ACTIVITY: The required answer is the data below, restated word for word with images omitted.

GIVEN DATA:
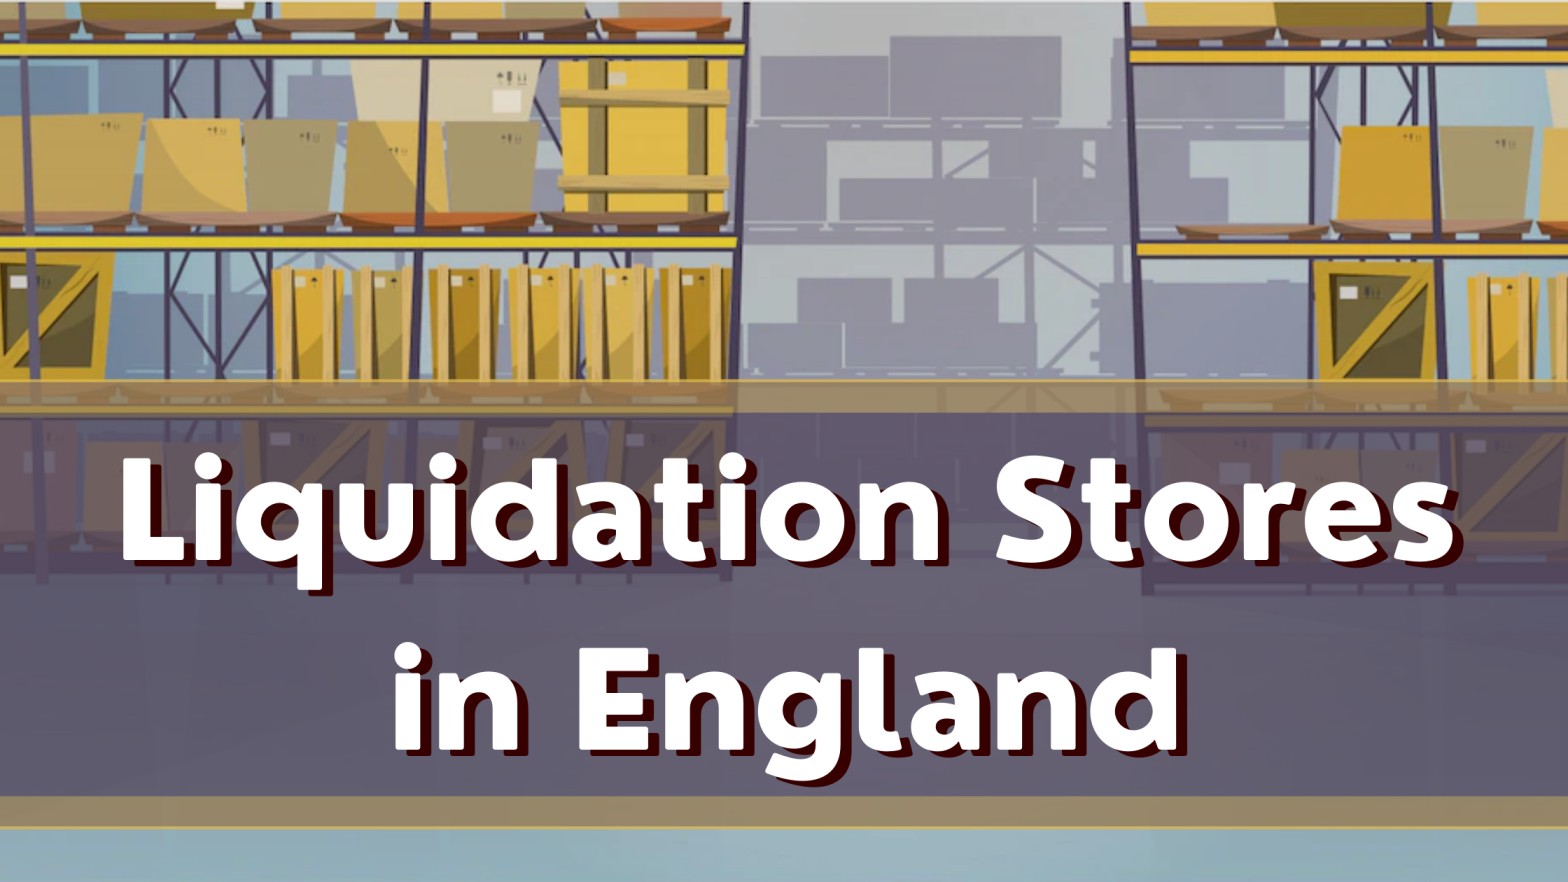 Liquidation Stores in England
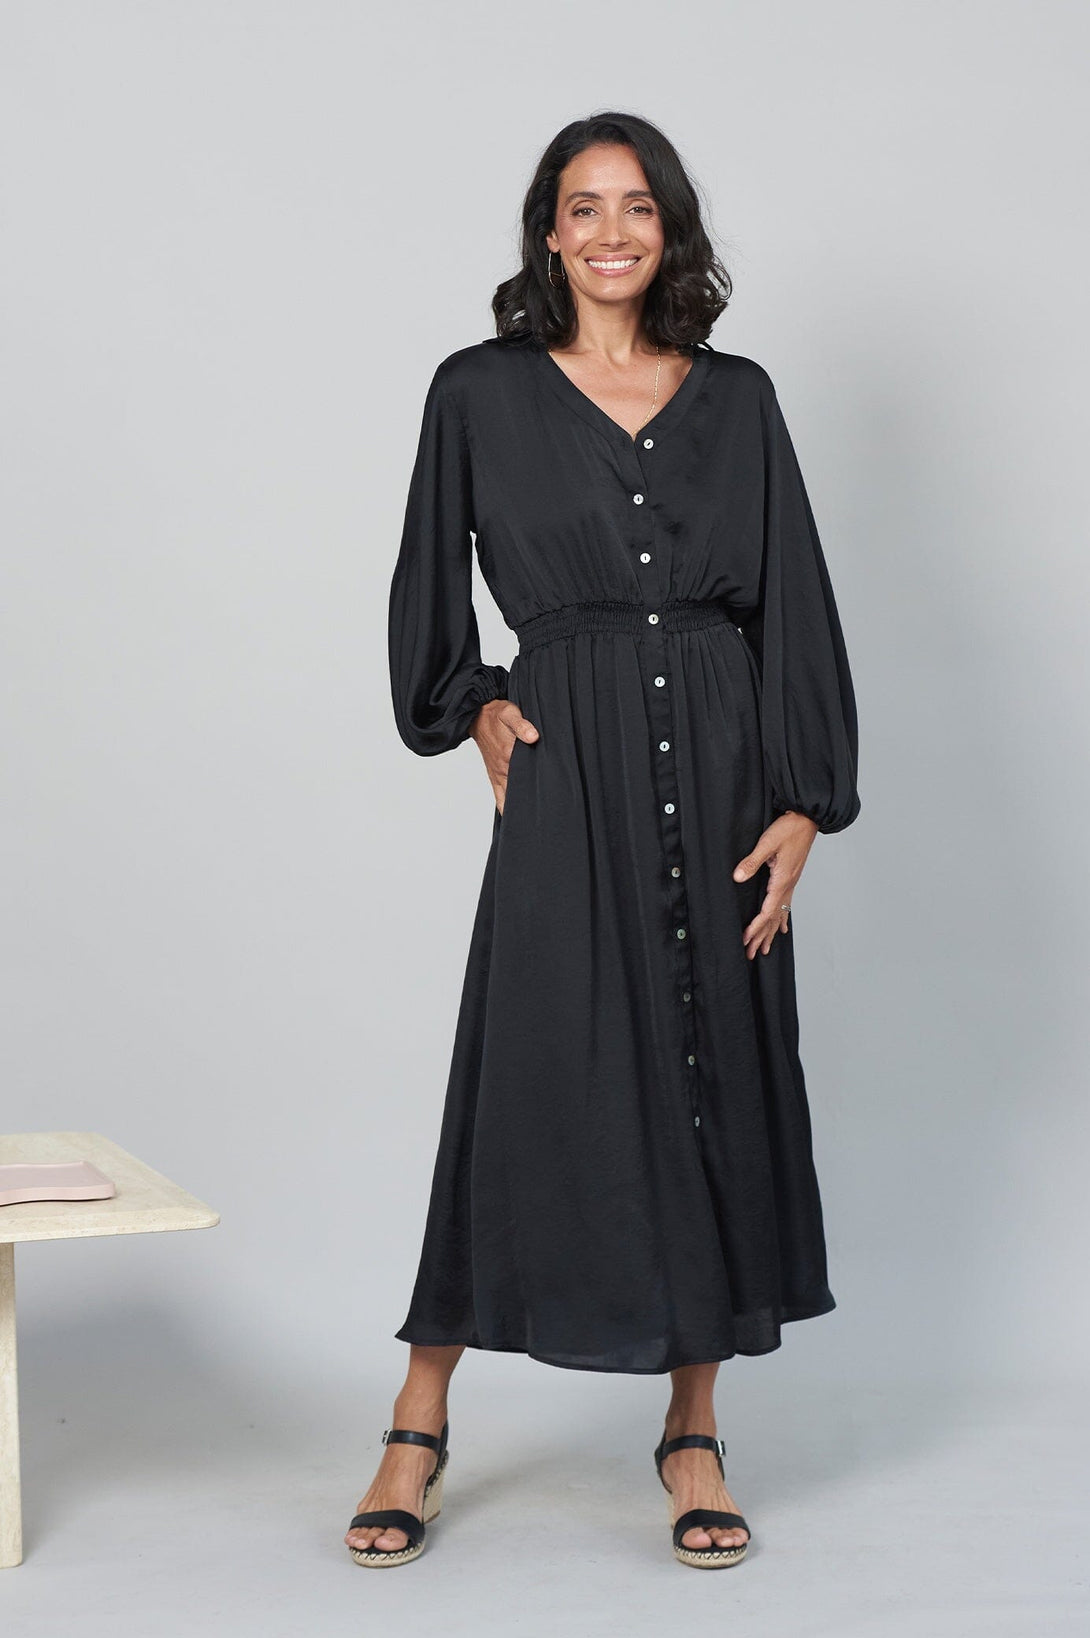 Georgina Long Sleeve Dress Black with Collar Dress
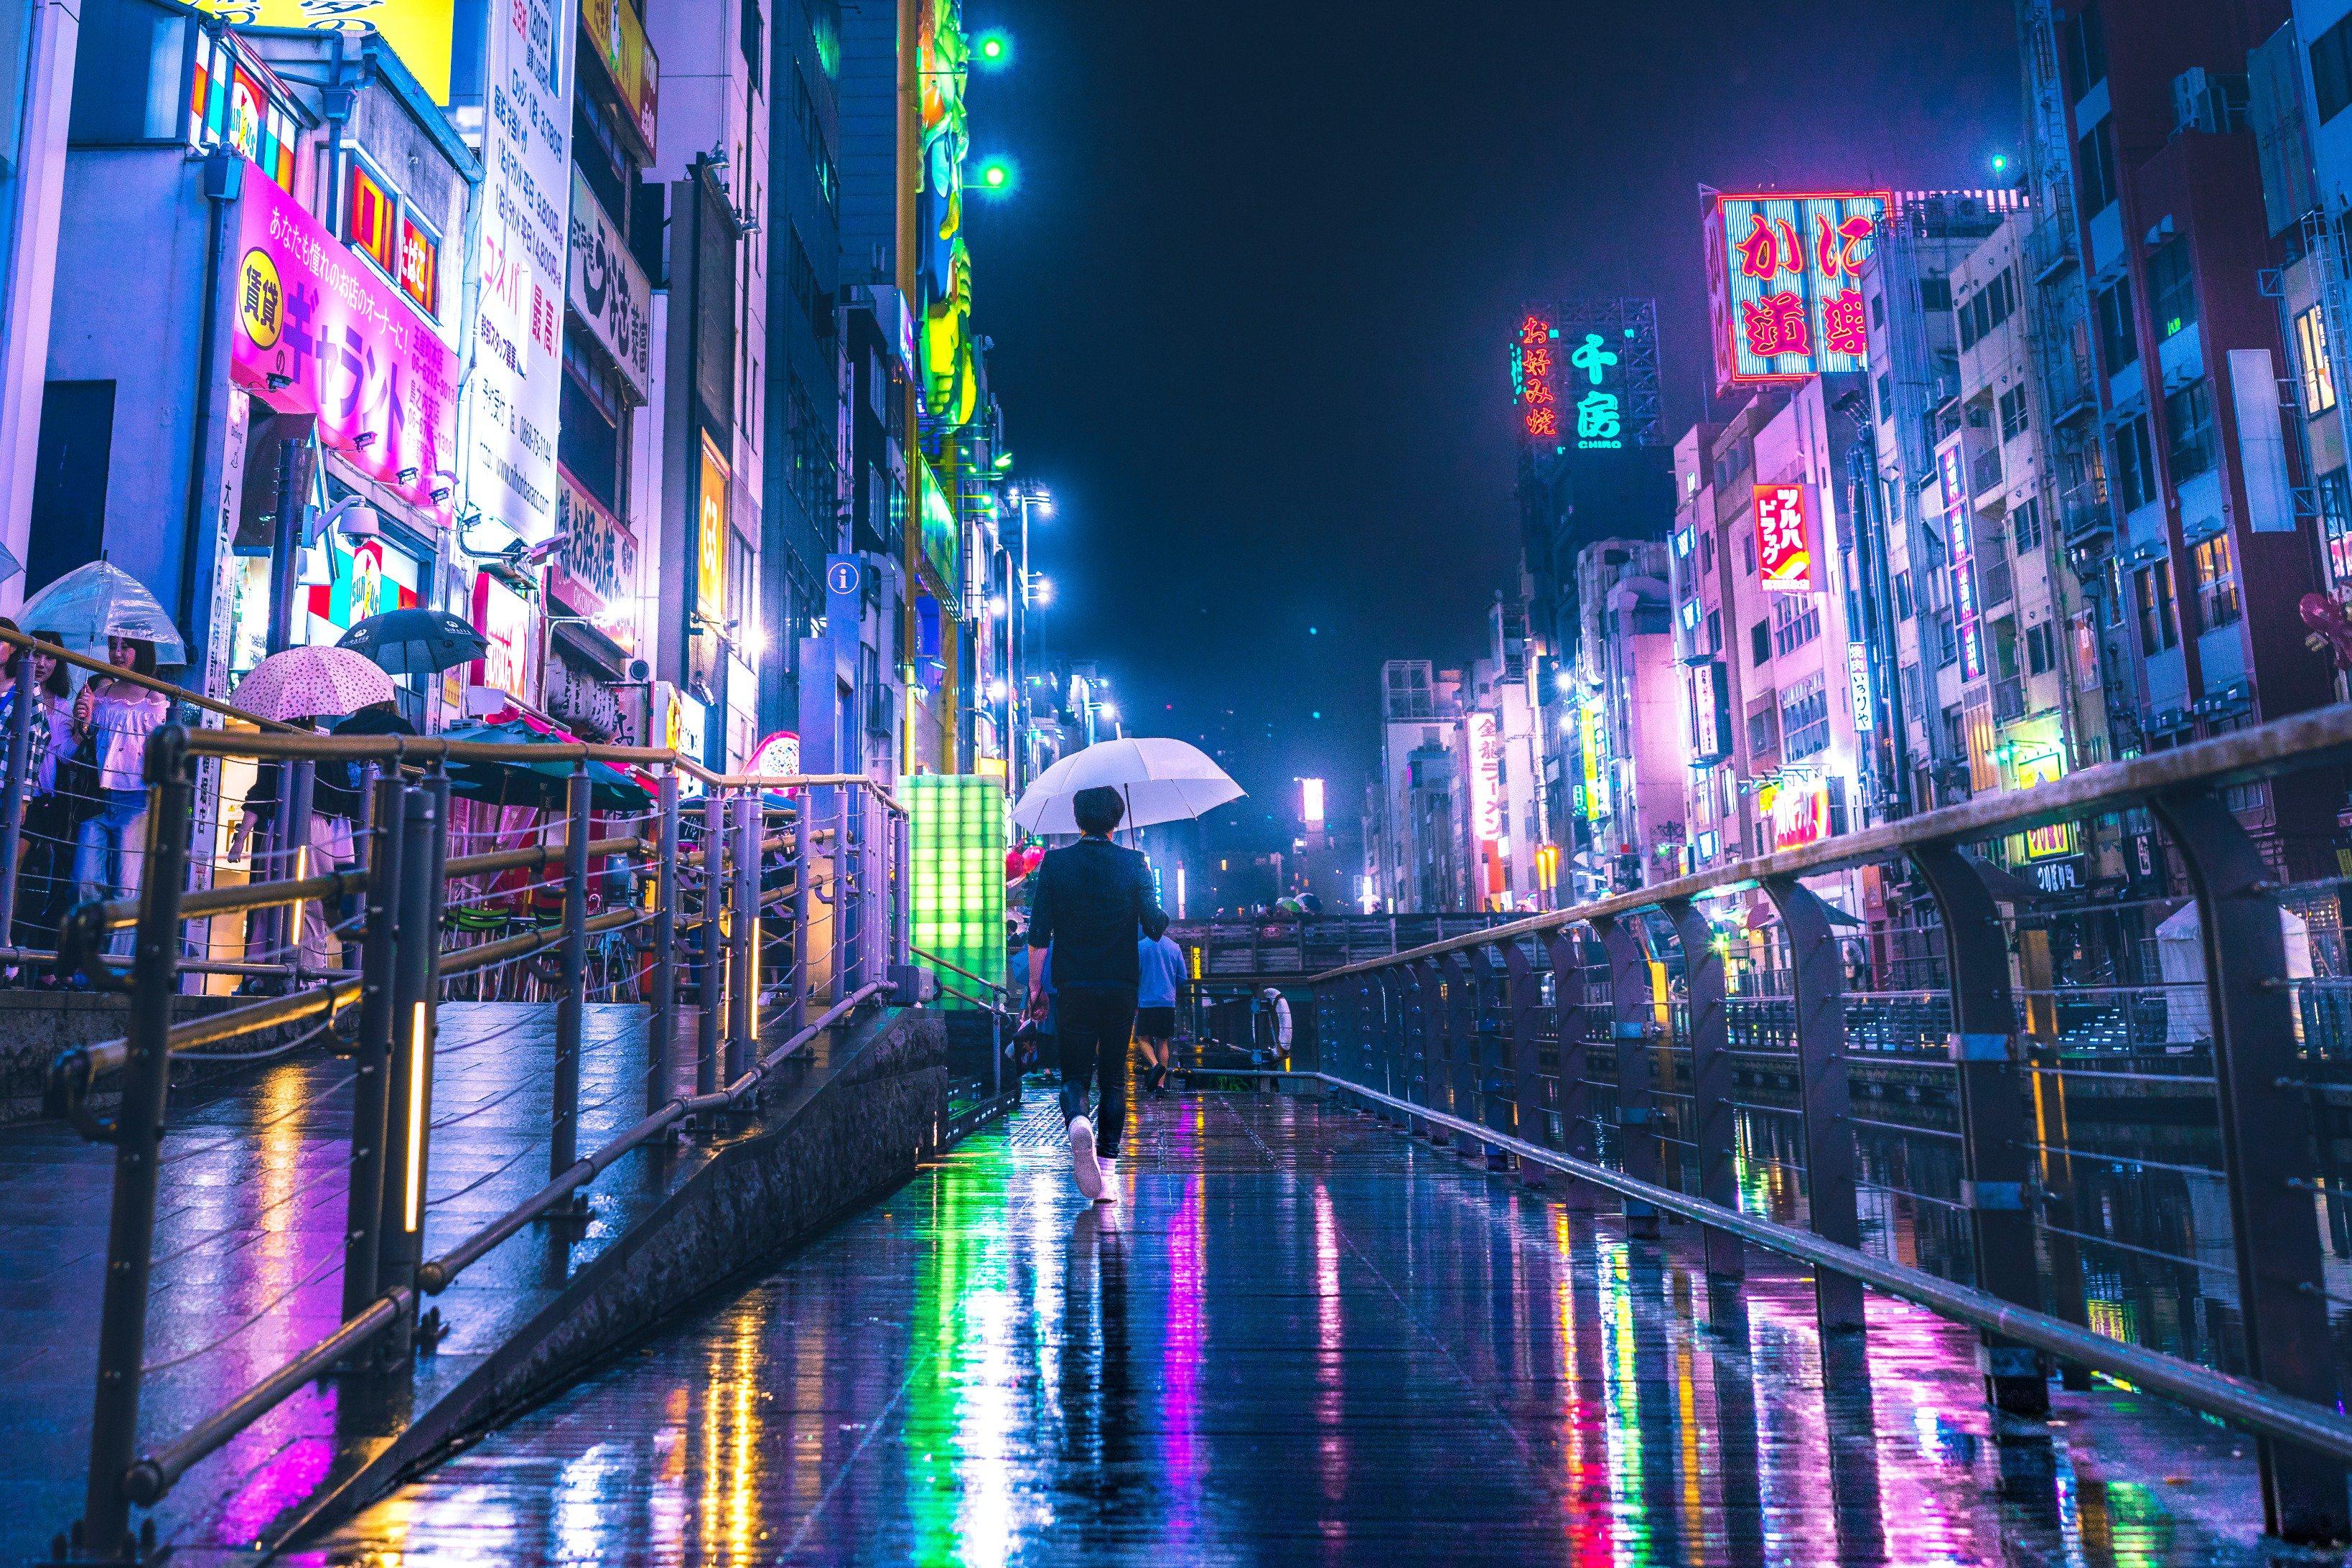 Osaka under the rain [3276x2184]

SOLUTION TO THE PROBLEM:
 Liquidation Stores in England
 Georgina Long Sleeve Dress Black with Collar Dress
 Osaka under the rain [3276x2184]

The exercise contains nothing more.